As if fate were reassuring us, albeit in a rather drastic fashion, I was awoken from a very heavy deep sleep (all this physical work has exhausted me at the end of each day) at 2am on Sunday night by my mother calling out to me. I staggered out of bed to find her slumped on the floor in the hallway splattered with blood. It appeared she had turned over in her sleep, was too close to the edge anyway and she had fallen out of bed onto the floor. In the process, she had bashed her face on the corner of the bedside table and couldn't get up again, because she has scoliosis - a back deformed by arthritis. She had shuffled on her bottom across her bedroom and out onto the landing to get to my room. Blood from her gashed face dripped down her nightdress. I fetched a stool and managed to haul her into a sitting position up onto that and then to stand her up and assist her back to bed.

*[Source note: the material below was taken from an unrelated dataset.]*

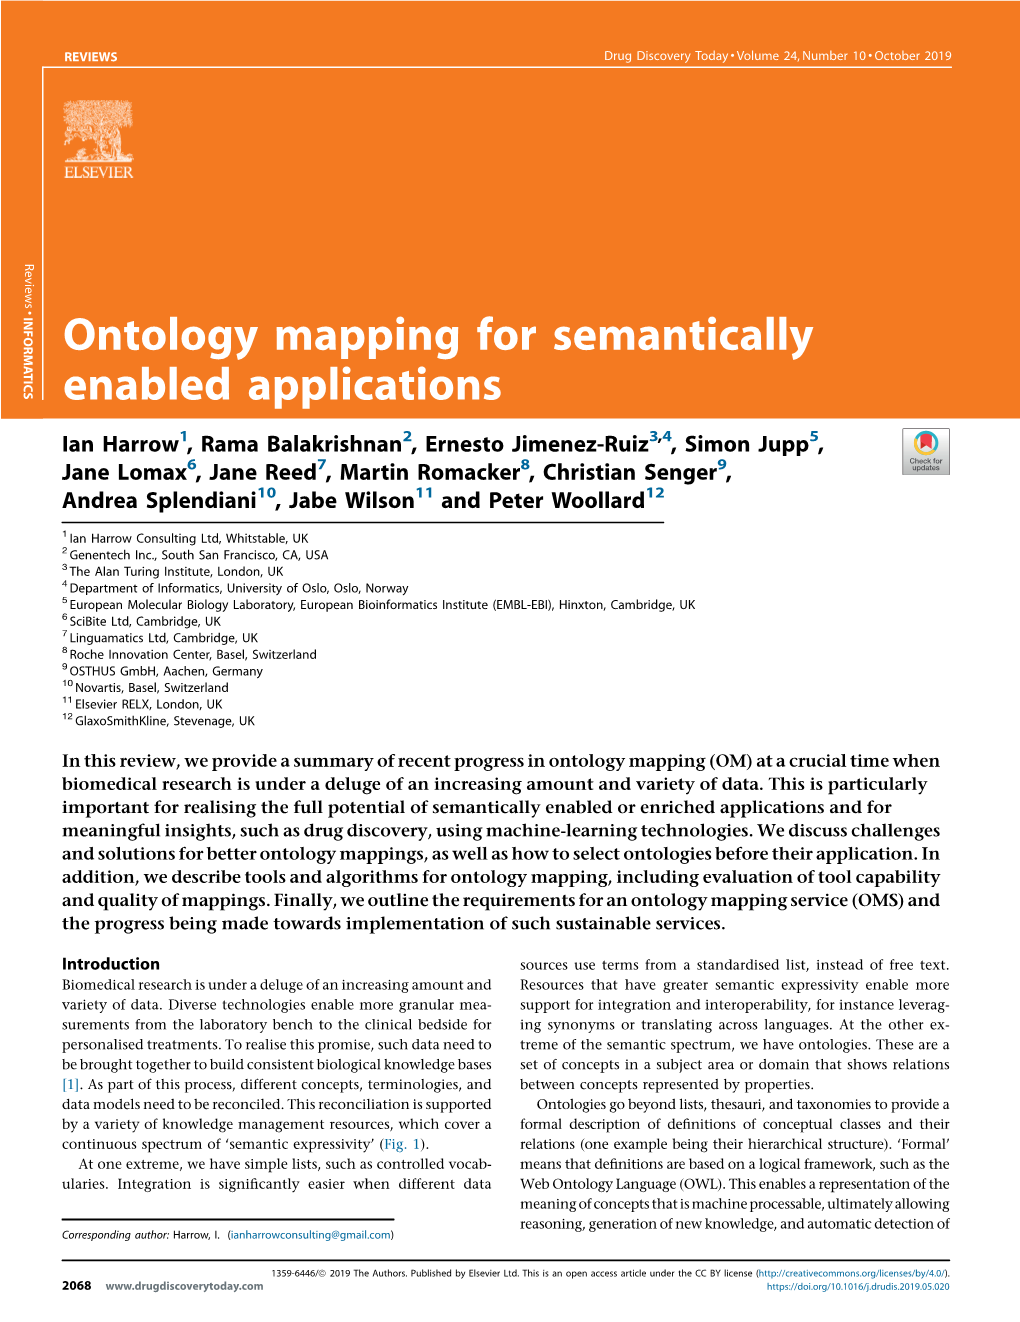 Ontology Mapping for Semantically Enabled Applications

I got her to lie in the very middle of her double bed and surrounded her with a wall of pillows to stop her falling out again. We both slept fitfully in our separate rooms after that. I was due to return home on Monday but agreed to stay a few more days as, although nothing seemed broken, she was now in even more back pain than usual. She has never fallen out of bed in her life and cannot fathom why she has now, but I guess maybe the stress of the move had made her sleep in more turmoil than usual. However, one thing is clear, the move makes even more sense now. If anything happens in the future, she would be living 5 minutes away from me, as opposed to the 2 hours she does now, with a warden on call if she fell. A strange thing is fate.